Machine Learning Engineer at Noble.AI

Jan’18 – May’18

Built offline ML Pipeline to extract & structure information in semi-structured docx as a part of UIE using Transfer Learning.
Worked on preprocessing the documents and creating client visualization for the unstructured documents presented to clients
Created Data Visualization for R&D experiment dataset showing various issues like variance in the dependent variable.
Built first working MVP for Intelligent Recommendation Engine.
Tools Used: Python, sklearn, matplotlib, luminoth, Tensorboard, Django

Real Time Audio Event Detection on Edge (RA - Prof Yuvraj Agarwal, Synergy Labs)

Jan’18 – May’18

Built from scratch the entire ML and Data Pipeline, stages include – Feature Extraction, Feature Engg, Hyper Parameter Tuning etc.
Ran Multiple Experiment using classical ML algorithms like Logistic Regression and SVM’s automatically detect Audio Events like Vacuum Cleaner, Drill Machine, Faucet Running etc.
Built a parallel pipeline running multiple experiments for each label tuning hyperparameter.
Performed Data Analysis to debug ML algorithm performance using dimensional reduction algo like PCA.
Tools Used – python, librosa, sklearn, jupyter.

Speech Recognition using Wall Street Journal Data (Professor Bhiksha Raj)

Jan’18 – May'18

Used the WSJ labelled dataset at frame and phoneme level to recognize unlabeled speech signal.
Built a 3 layer Neural Network on frame level data to train & make predictions resulting in accuracy of 56% for 136 labels.
Built a 4 layer CNN Model on phoneme level data to train and make predictions resulting in 80% accuracy for 46 labels.
Preprocessed data to deal with issues like variable length phoneme representation for CNN inputs.
Built an end-to-end ASR using Listen-Attend-Spell Architecture with the CMUSphinx language model.
Tools Used – Tensorflow, Pytorch, Python

Audio Forensic for Maritime Recognition (Carnegie Mellon University – Prof.
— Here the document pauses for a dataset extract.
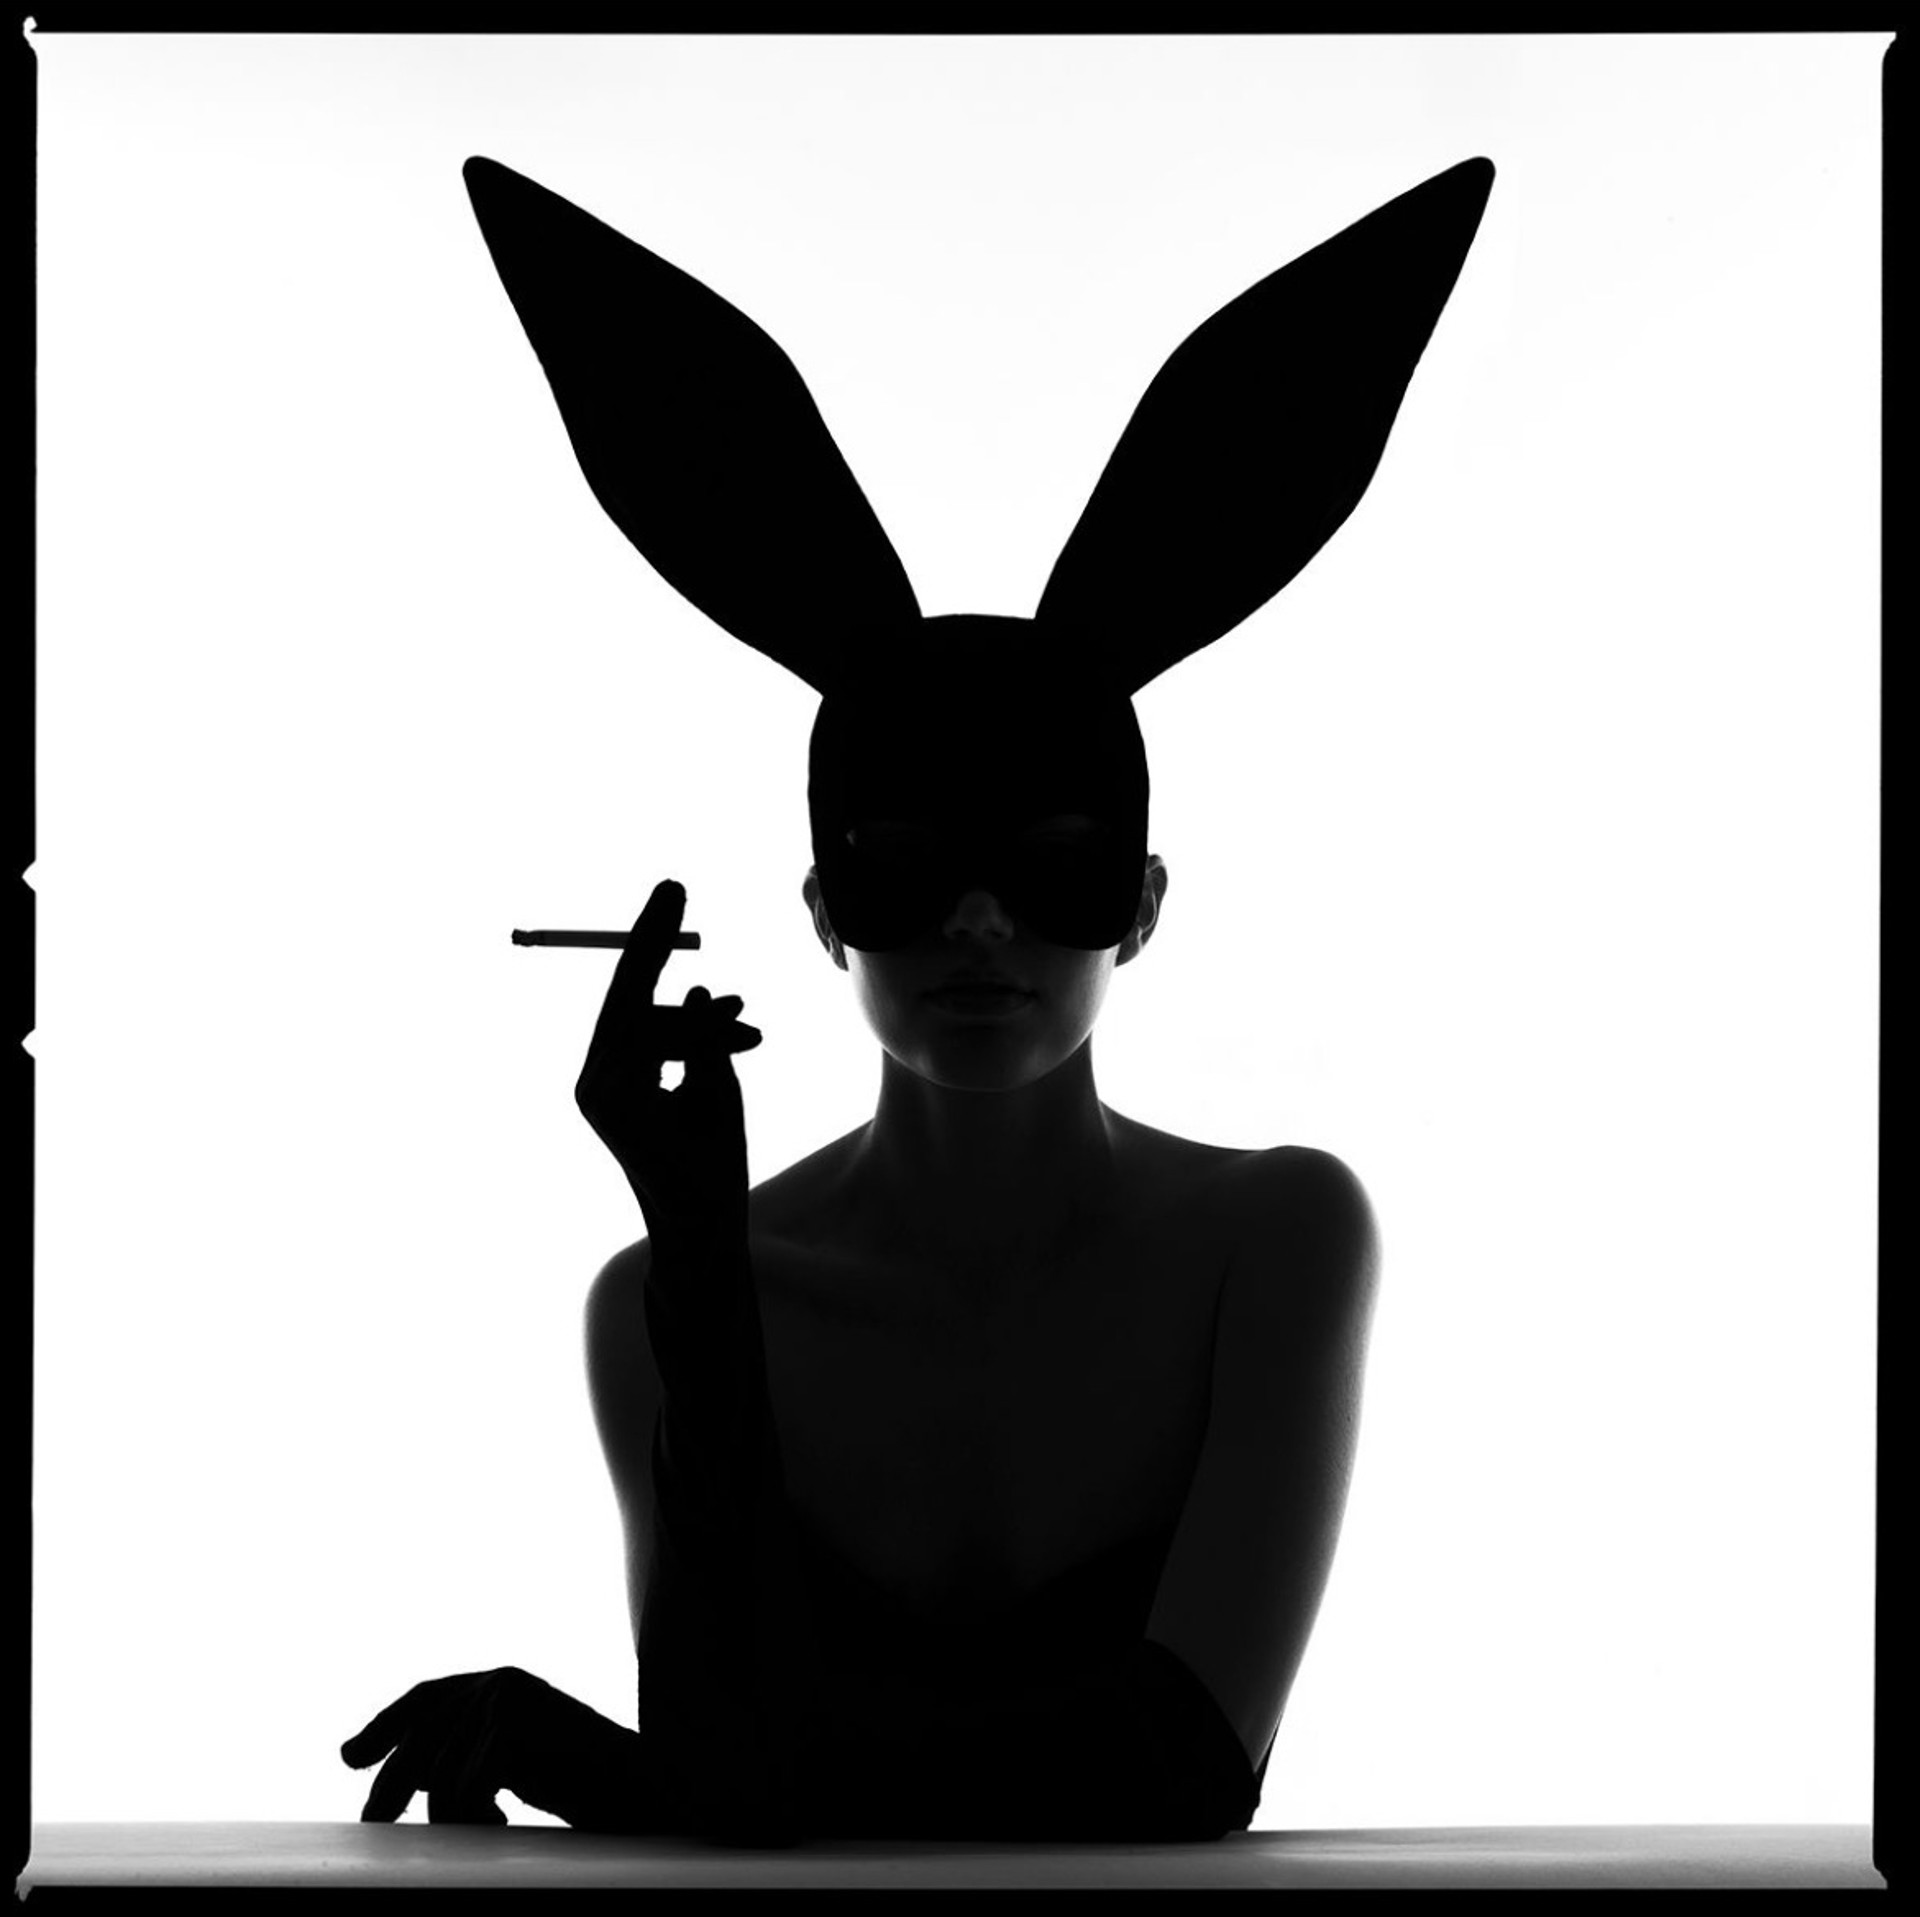 Bunny Silhouette III by Tyler Shields

Rita Singh and Prof. Bhiksha Raj)

Aug’17 – Dec’17

Built a system to automatically identify maritime audio signatures like Boat and Helicopter sound which can be used in Hoax Call Identification, solve criminal cases etc.
Collected audio recordings from Youtube 8M dataset using automatic scripts and parsing video description.
Used feature representations like Constant-Q. Correlograms , Modulation Spectrograms. Also used a pretrained CNN model to extract proxy features using the fully connected layer of CNN architecture.
Achieved accuracy of 73% using decision trees and 77% using Adaboost. Also proposed a full end to end architecture which could help in a more detailed analysis of sounds like make/type of helicopter and boat engine.
Tools Used – Python, Sklearn, Spark, MATLAB.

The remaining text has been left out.